CMR Search Page Tools


CMR Search Page: This page lists the tools available for searching the CMR database including annotation, EC #, HMM, COG, and role category searches.

CMR Search Tool: This tool allows the user to search the CMR database based on different criteria including:
    The Annotation Search Tool - search for a string in the annotation of a genome, this includes searches of the loci names, gene symbols, and common names of the genomes selected. You can choose to search either the Primary or the TIGR annotation, but the default is to search both. When you are done making your selections hit the "Submit" button. All searches are case independent.
    The SWISS-PROT/TrEMBL Search Tool - find any genes from the selected genomes with a specific SWISS-PROT or TrEMBL accession. You can choose to search either the Primary or the TIGR annotation, but the default is to search both. When you are done making your selections hit the "Submit" button. All searches are case independent.
    The GenBank Search Tool - find any genes from the selected genomes with a specific GenBank accession. You can choose to search either the Primary or the TIGR annotation, but the default is to search both. When you are done making your selections hit the "Submit" button. All searches are case independent.
    The EcoCyc Search Tool - find any genes from the selected genomes with a specific EcoCyc accession. You can choose to search either the Primary or the TIGR annotation, but the default is to search both. When you are done making your selections hit the "Submit" button. All searches are case independent.
    The Enzyme Commission (EC) Number Search - lists all genes from the selected genomes that are assigned a specific EC Number. You can choose to search either the Primary or the TIGR annotation, but the default is to search both. When you are done making your selections hit the "Submit" button. All searches are case independent.
    The Gene Ontology (GO) Search Tool - lists all genes from the selected genomes that are assigned a specific GO Term. You can choose to search either the Primary or the TIGR annotation, but the default is to search both. When you are done making your selections hit the "Submit" button. All searches are case independent.
    The TIGRFAM/Pfam Search Tool - lists all genes from the selected genomes that hit a specific HMM, either TIGRFAM or Pfam. You can choose to search either the Primary or the TIGR annotation, but the default is to search both. When you are done making your selections hit the "Submit" button. All searches are case independent.
    The Clusters of Orthologous Groups of proteins (COGs) Search Tool - lists all genes from the selected genomes that hit a specific NCBI COG. You can choose to search either the Primary or the TIGR annotation, but the default is to search both. When you are done making your selections hit the "Submit" button. All searches are case independent.
    The Interpro Search Tool - lists all genes from the selected genomes that hit a specific Interpro accession number. You can choose to search either the Primary or the TIGR annotation, but the default is to search both. When you are done making your selections hit the "Submit" button. All searches are case independent.
    The PROSITE Search Tool - lists all genes from the selected genomes that hit a specific PROSITE accession number. You can choose to search either the Primary or the TIGR annotation, but the default is to search both. When you are done making your selections hit the "Submit" button. All searches are case independent.

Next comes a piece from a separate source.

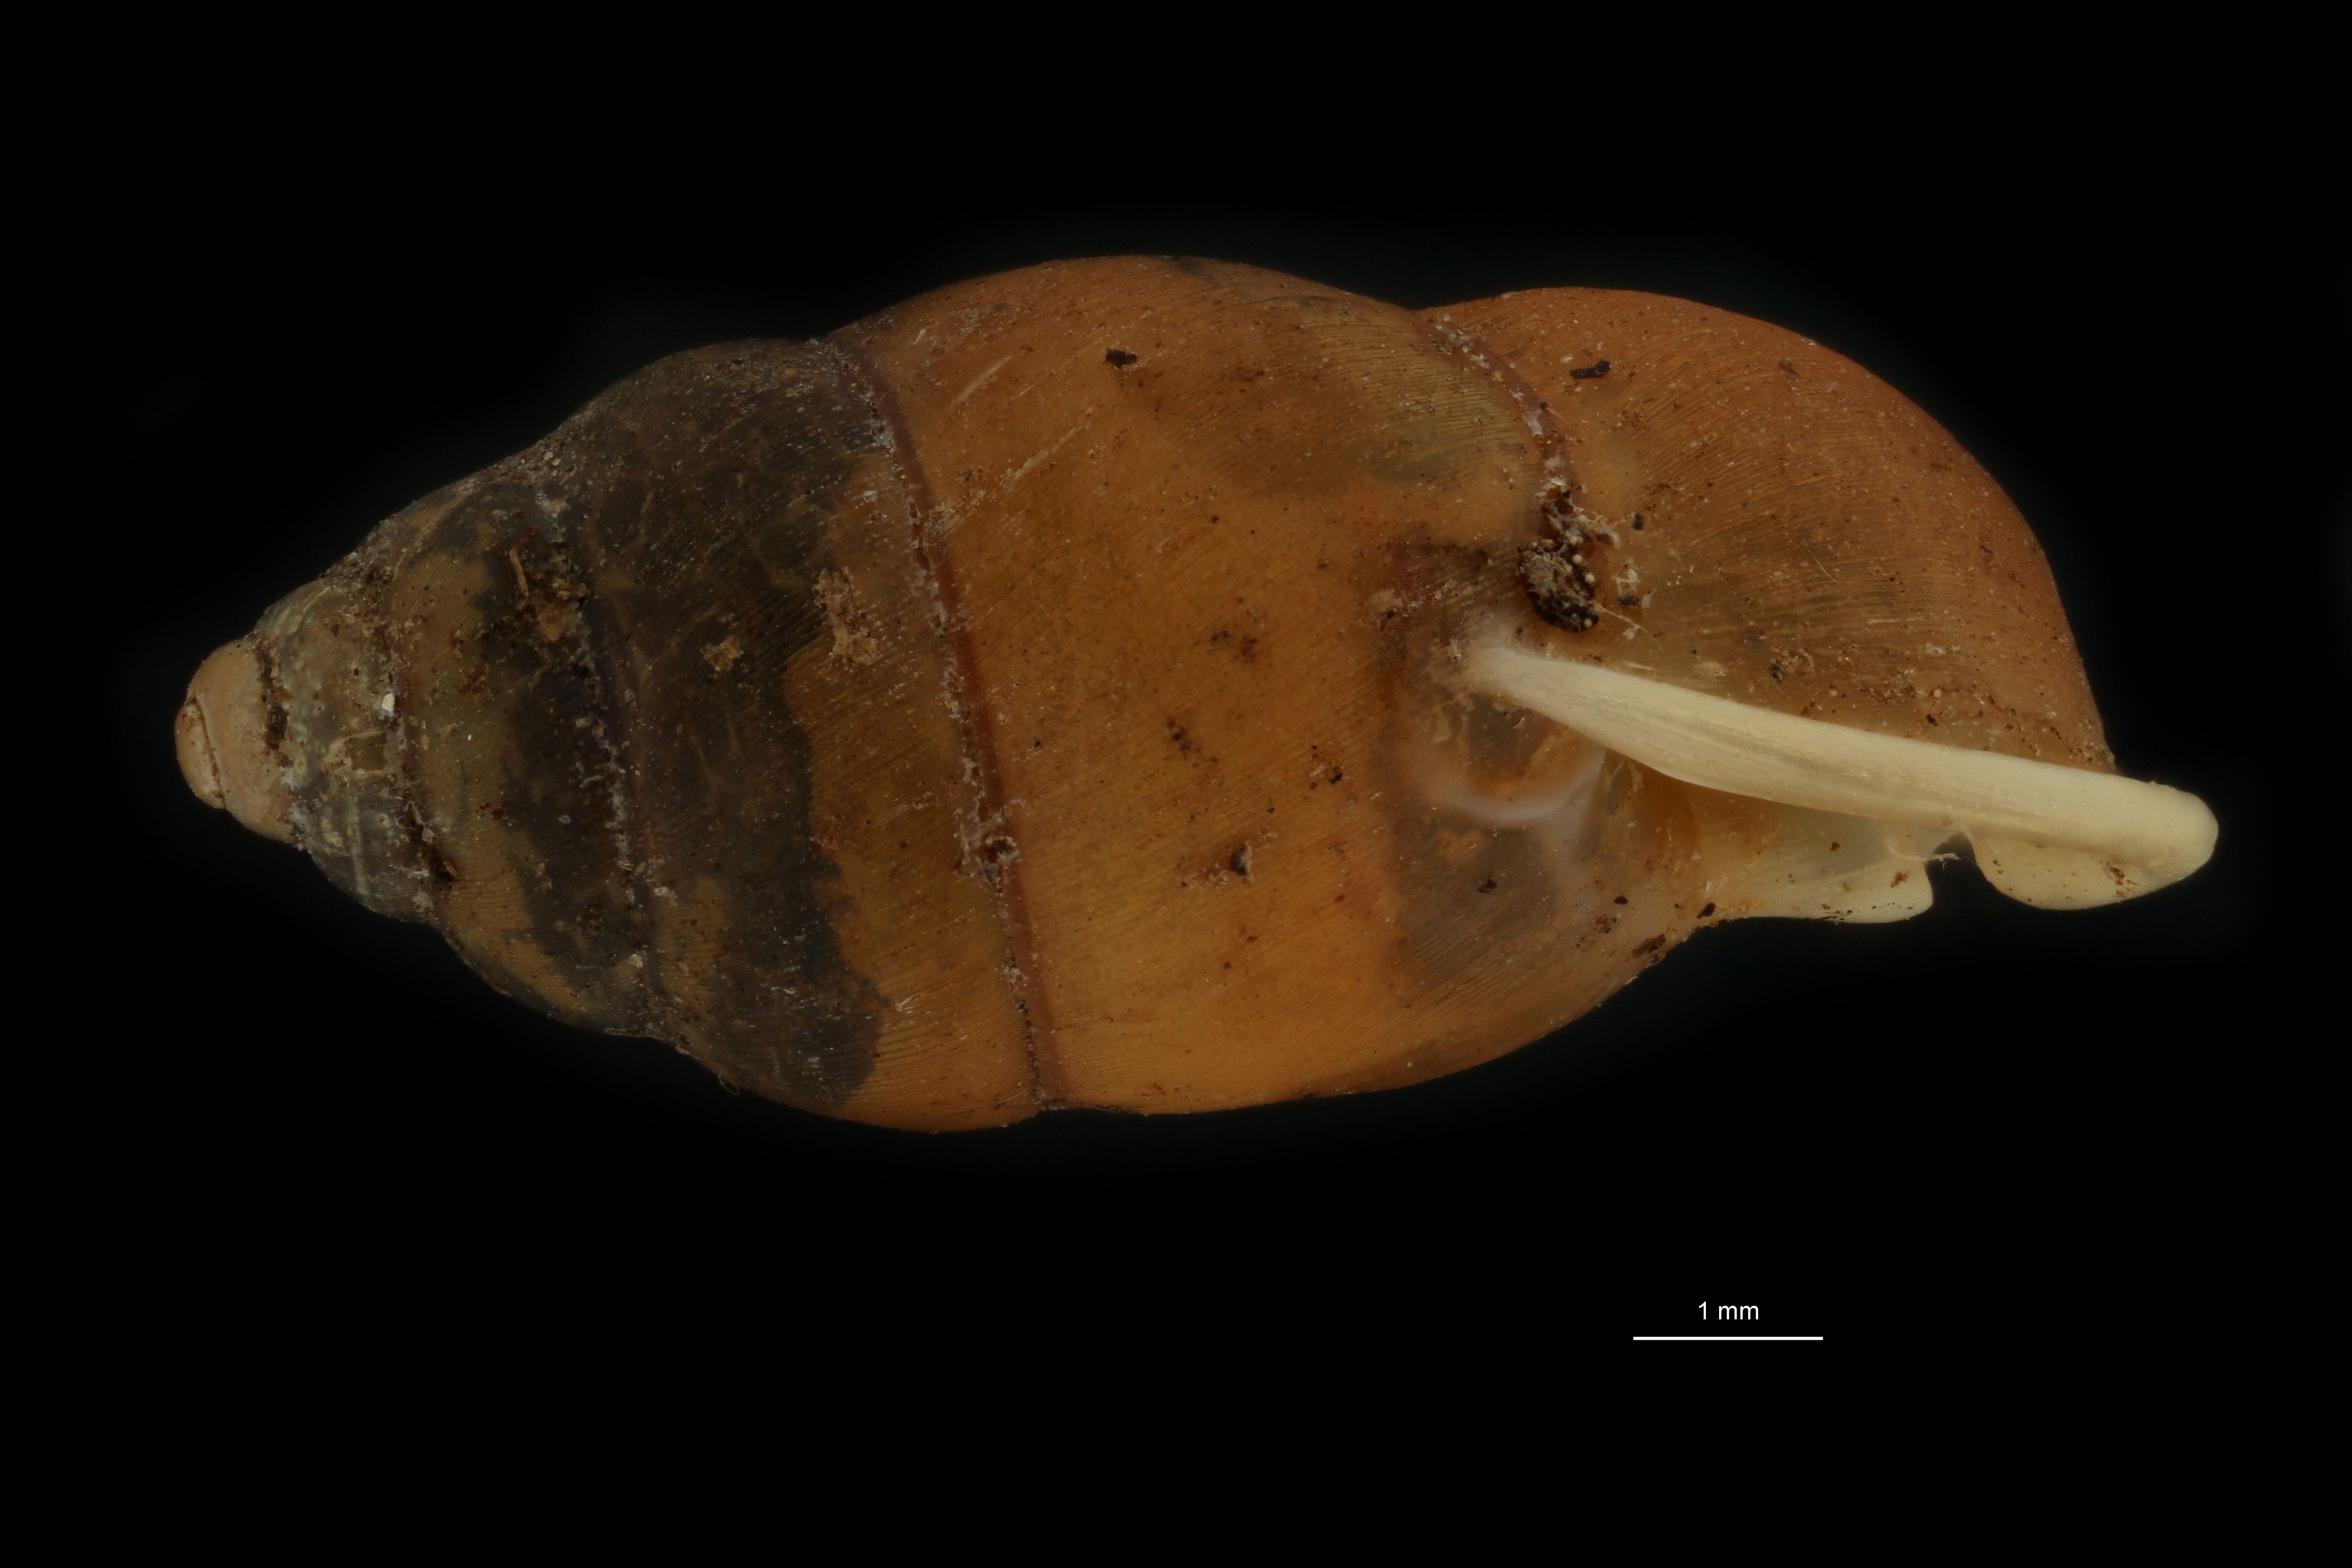 BE-RBINS-INV MT 954 Pupinella (Pupinopsis) fruhstorferi var. tsushimana pt L.jpg

EGAD Search: Shows description of given EGAD, including name, nucleotide and protein information, and accession information used to derive EGAD term. .

The Role Category Search Tool: This tool lists all genes assigned one or more TIGR role categories for the selected genome(s). To select the roles first click on a mainrole category. Next click on the subrole category of interest and use the "Add" button to add this subrole category to your list. You can choose to search either the Primary or the TIGR annotation. When you are done making your selections hit the "Submit" button.

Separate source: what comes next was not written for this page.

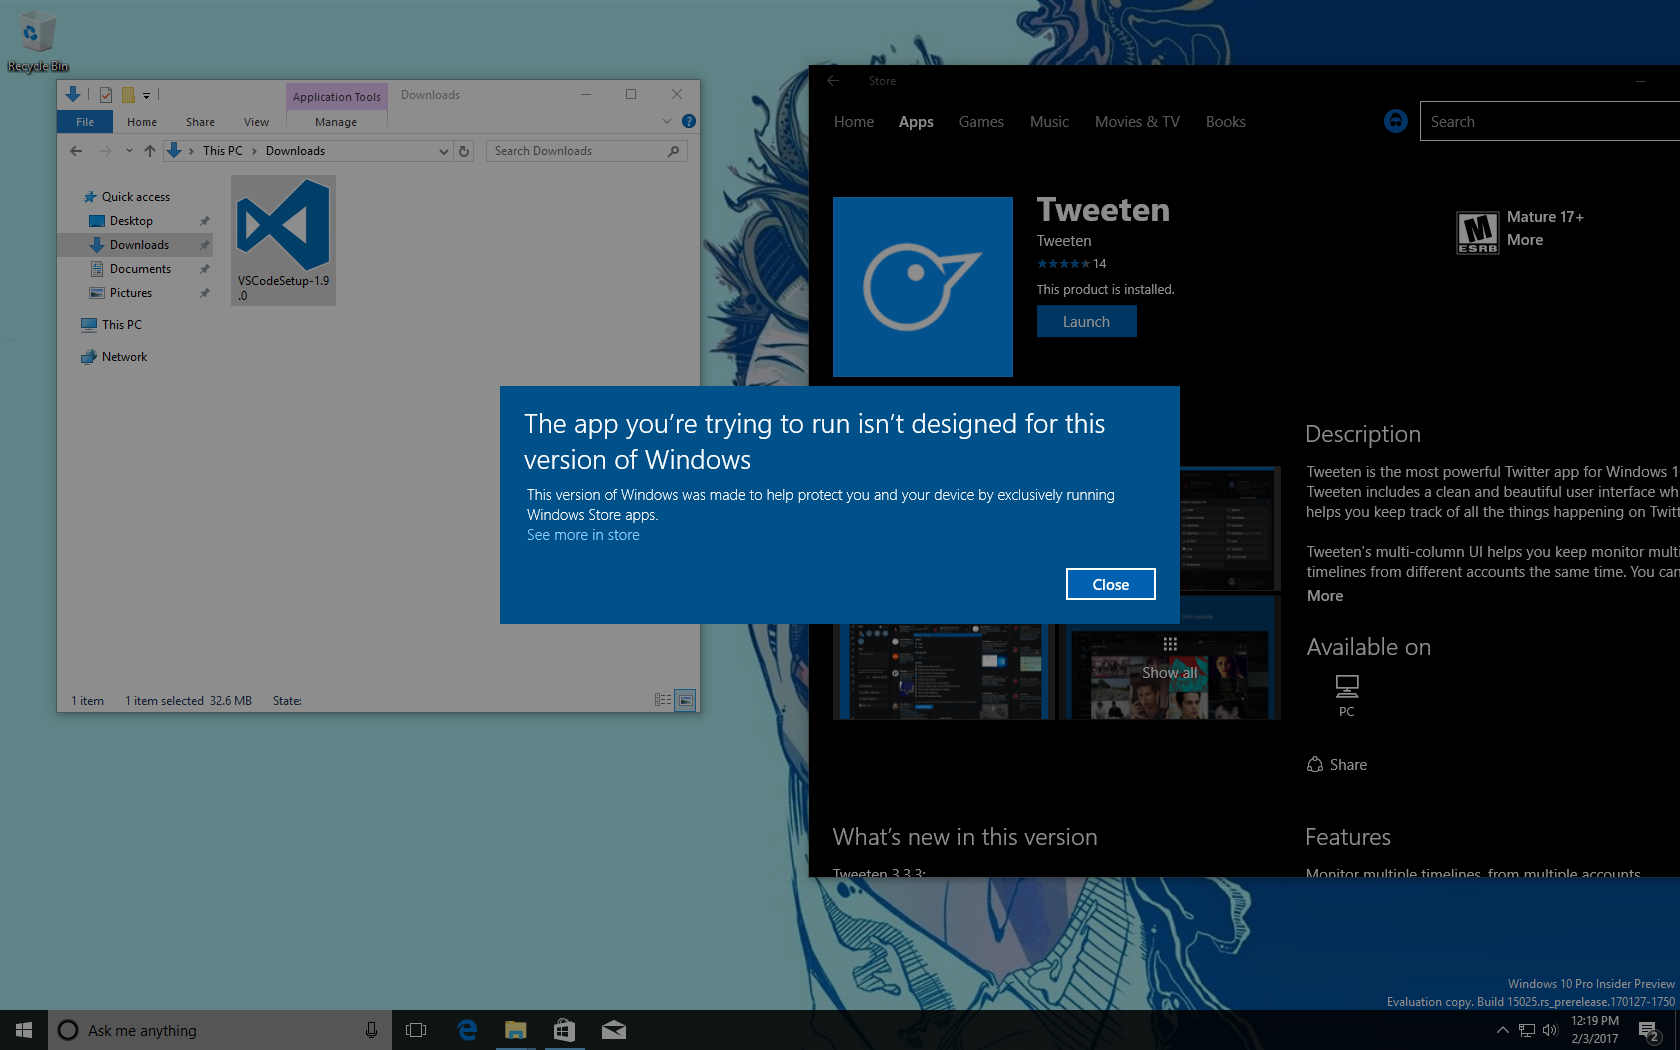 Early version of Windows 10 Cloud leaks (screenshots) 3

The Selected Role Category Search Tool: This tool lists all genes assigned to the TIGR role category passed to the program for the selected genome(s). Choose the genomes you would like to search by click on the genome name and hitting the "Add" button. You can choose to search either the Primary or the TIGR annotation. When you are done making your selections hit the "Submit" button.

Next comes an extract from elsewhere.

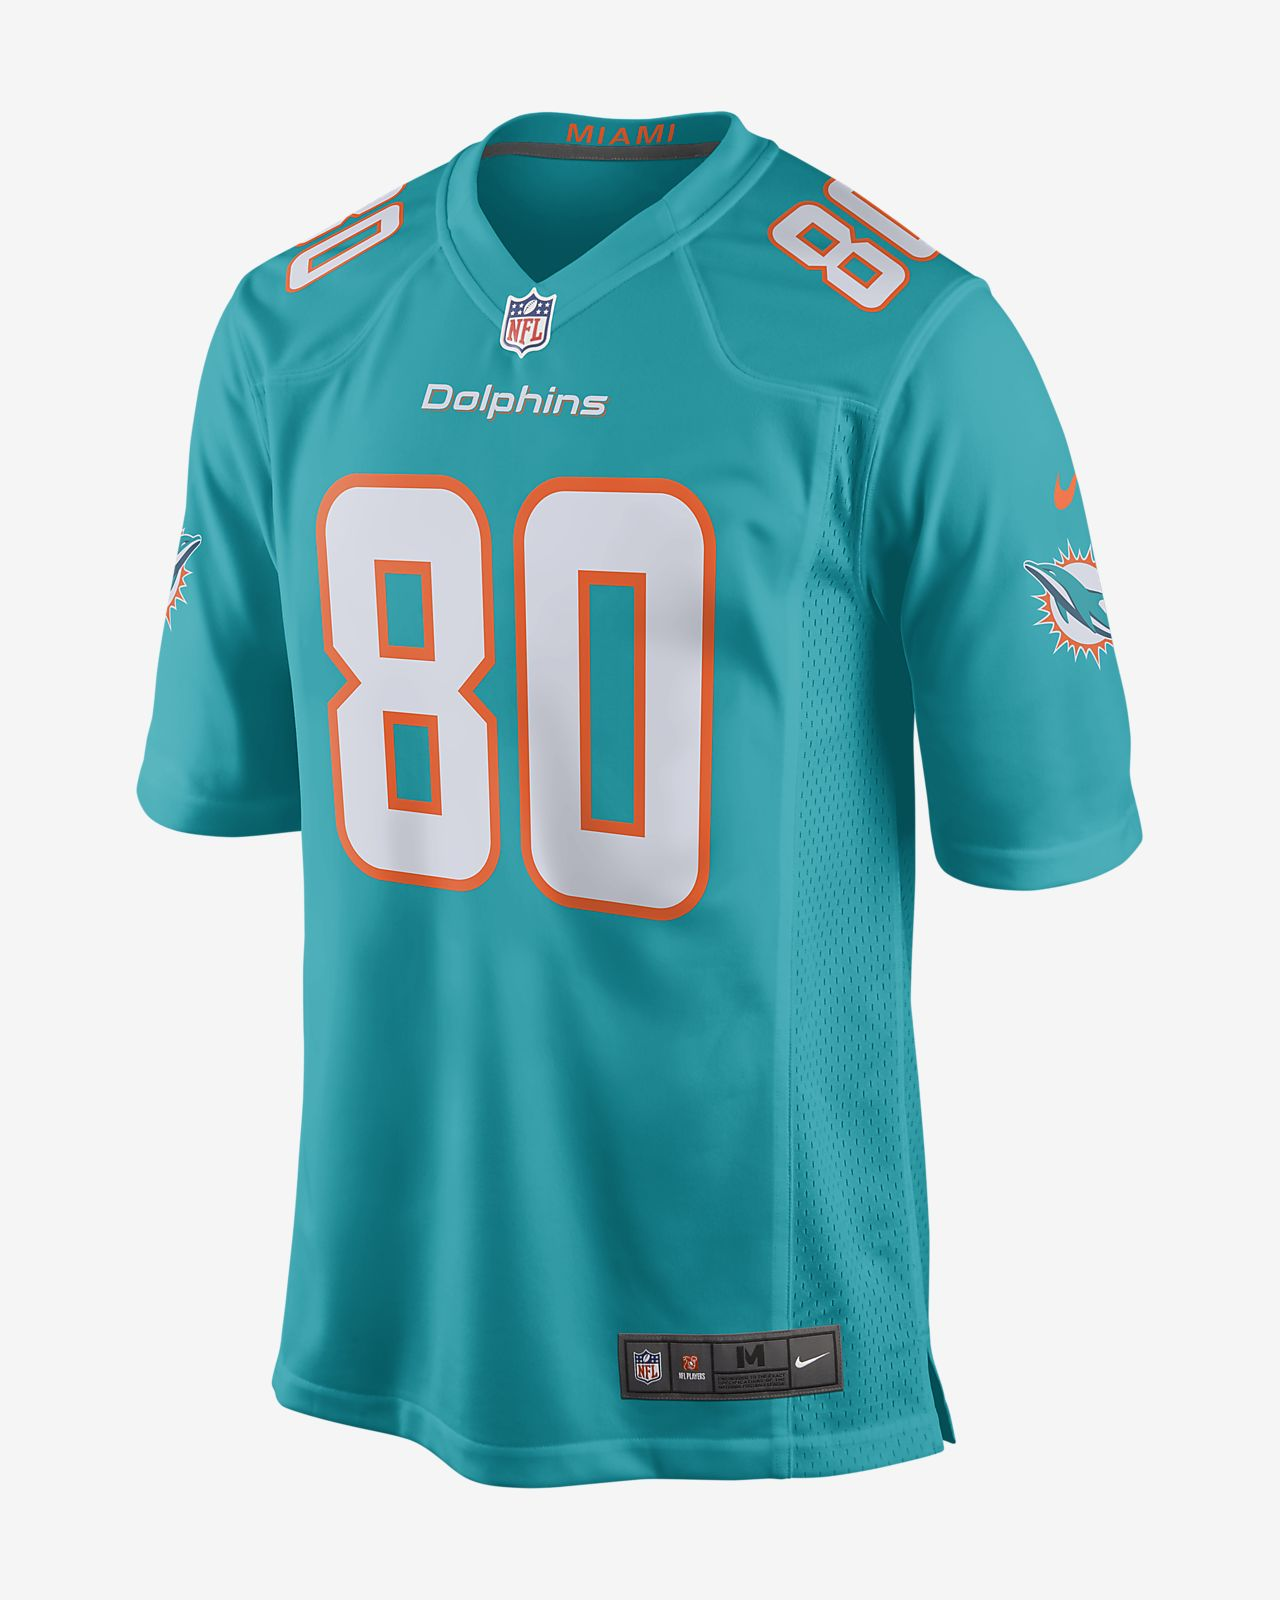 NFL Miami Dolphins (Danny Amendola) American-Football-Spieltrikot für Herren

The Region View Search Tool: This tool displays small regions of a DNA molecule either based on a locus name or a set of coordinates. Either enter a locus name or enter your coordinates and select the organism and DNA molecule of choice. When you are done making your selections hit the "Submit" button.

The Position Search/Segment Retrieval Tool: This tool retrieves either the sequence or a list of genes found between a pair of coordinates. Choose "Retrieve sequence segment" to get the sequence between the two coordinates, choose "View predicted coding regions" to get a gene list. Select the organism and DNA molecule of choice and input your left and right coordinates. If you chose "View predicted coding regions" you must select the annotation type you wish to see. If you chose "Retrieve sequence segment" you must choose if you want the sequence from the forward or the reverse strand. When you are done making your selections hit the "Submit" button.

Annotation Search Report: Here the results from your annotation search are displayed. To get to the Gene Page for a gene click on the Locus. Click on the EC Number to get a description of the number. Click on the "Options" button in the top right hand corner of the page to select a different annotation type or to download the nucleotide or protein sequences for all genes in the table. Finally, click on the "Download" button in the top right hand corner of the page to download the table in tab delimited format.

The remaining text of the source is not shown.